● **Work instructions**
Within the entries below, please retype exactly the lines starting with the line that has "Men's MW-802-BLK cowhide leather wallets" and going on through the line that has "Sketch Dump 13", but not the pictures.

● **Source material**
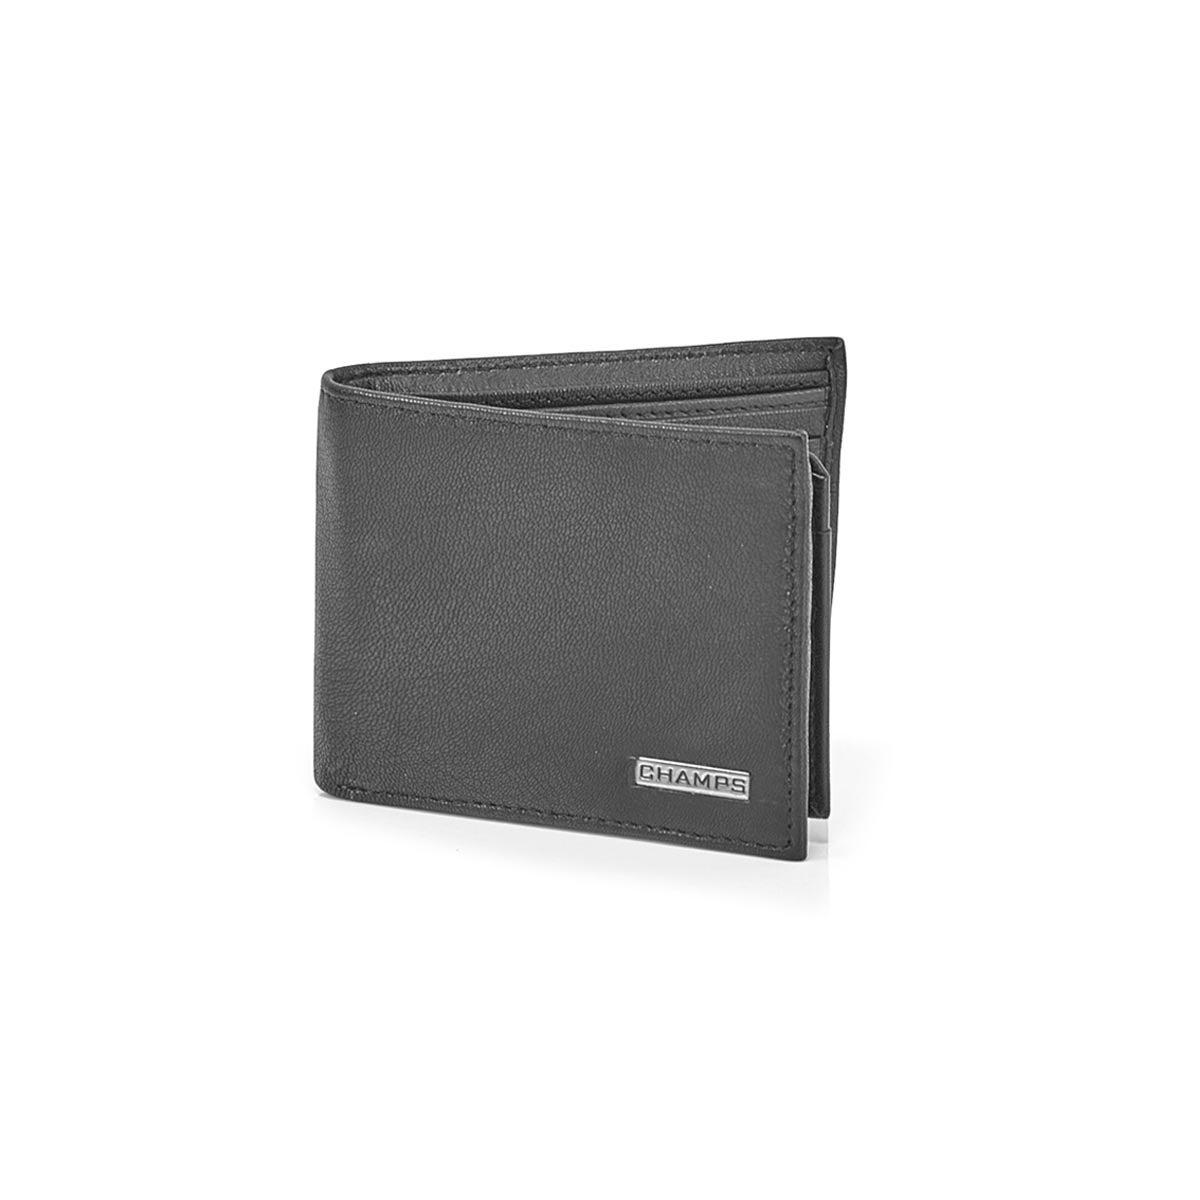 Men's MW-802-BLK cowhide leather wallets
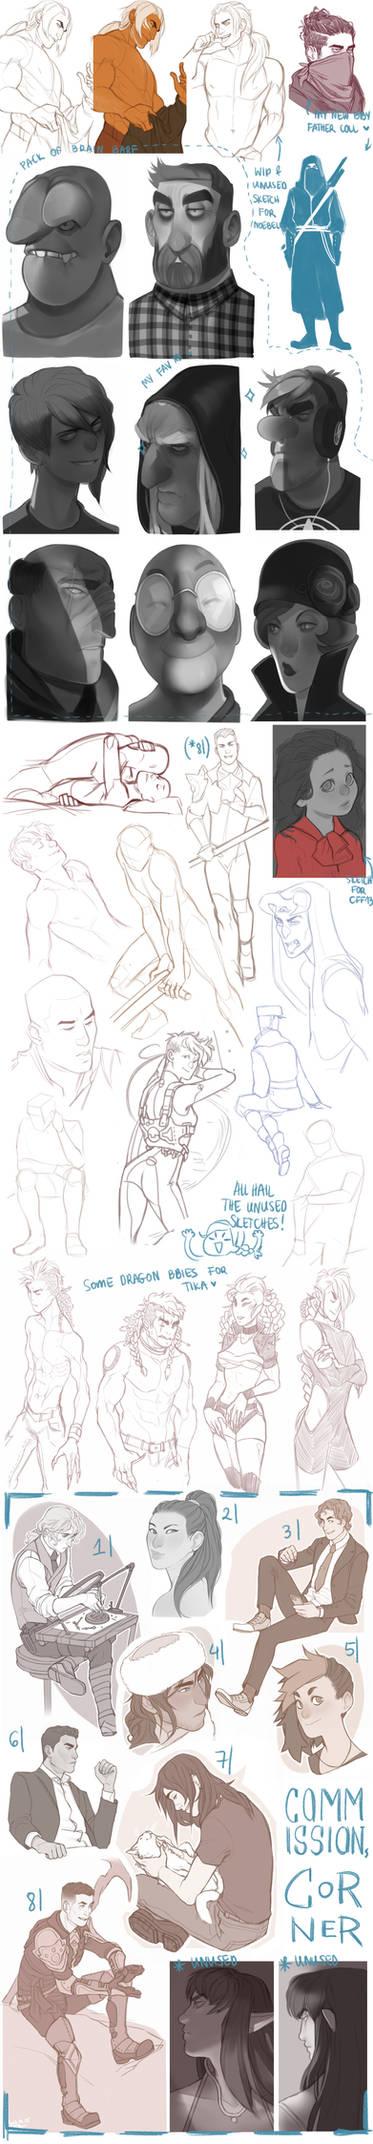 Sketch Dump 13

* * *

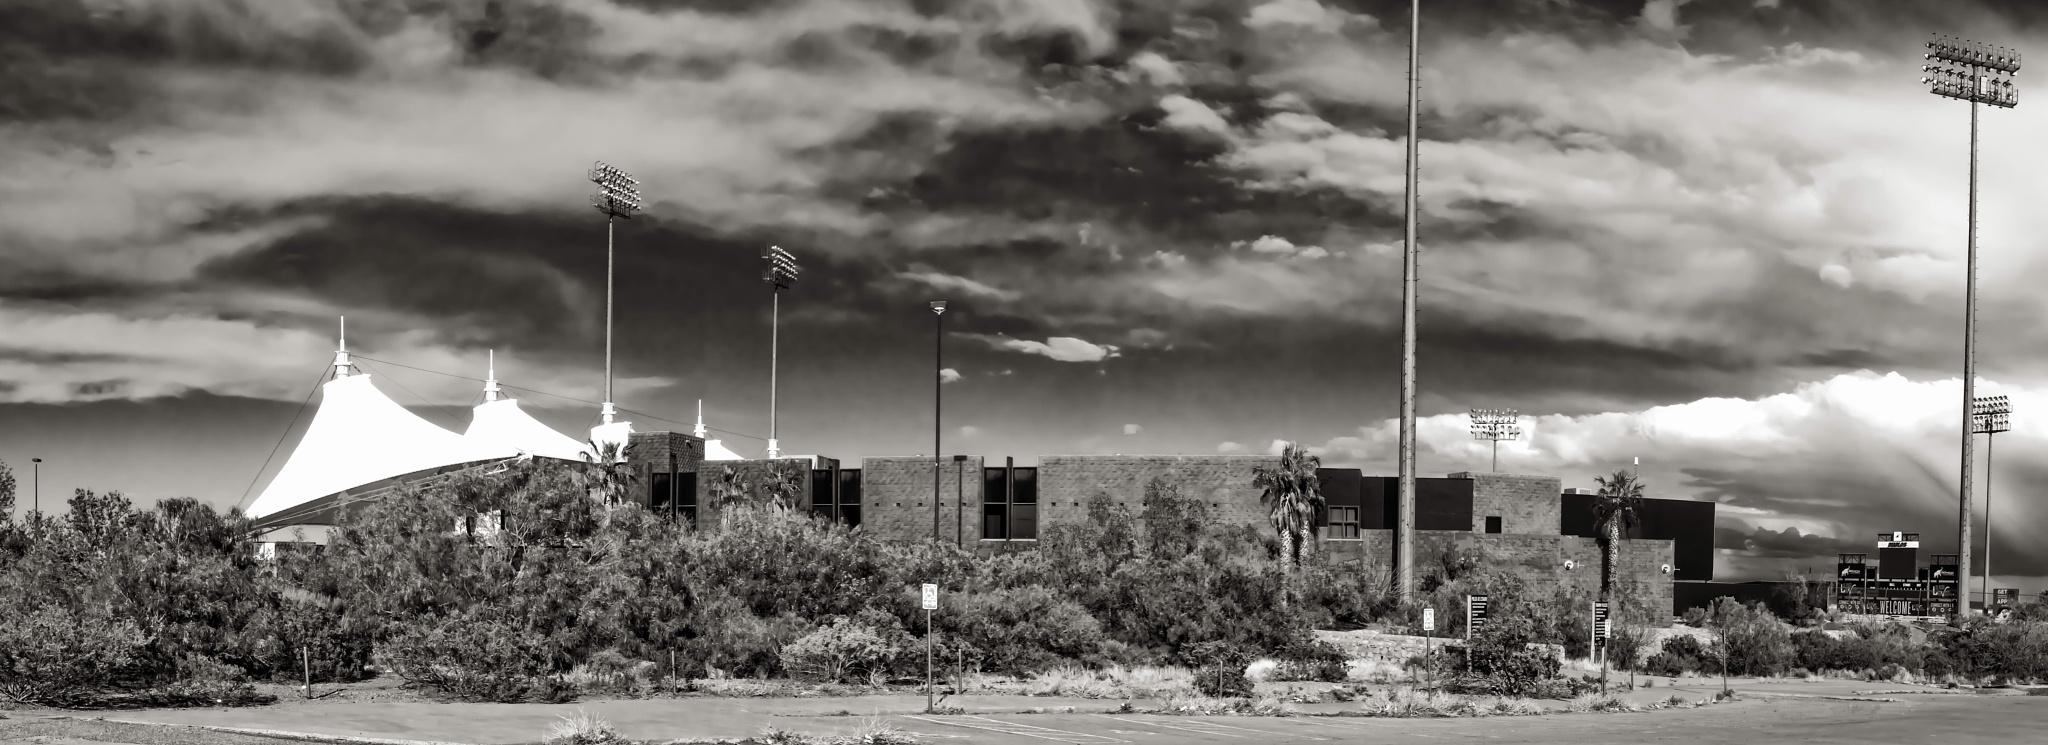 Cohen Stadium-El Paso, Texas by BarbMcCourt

● **Written answer**
 Men's MW-802-BLK cowhide leather wallets
 Sketch Dump 13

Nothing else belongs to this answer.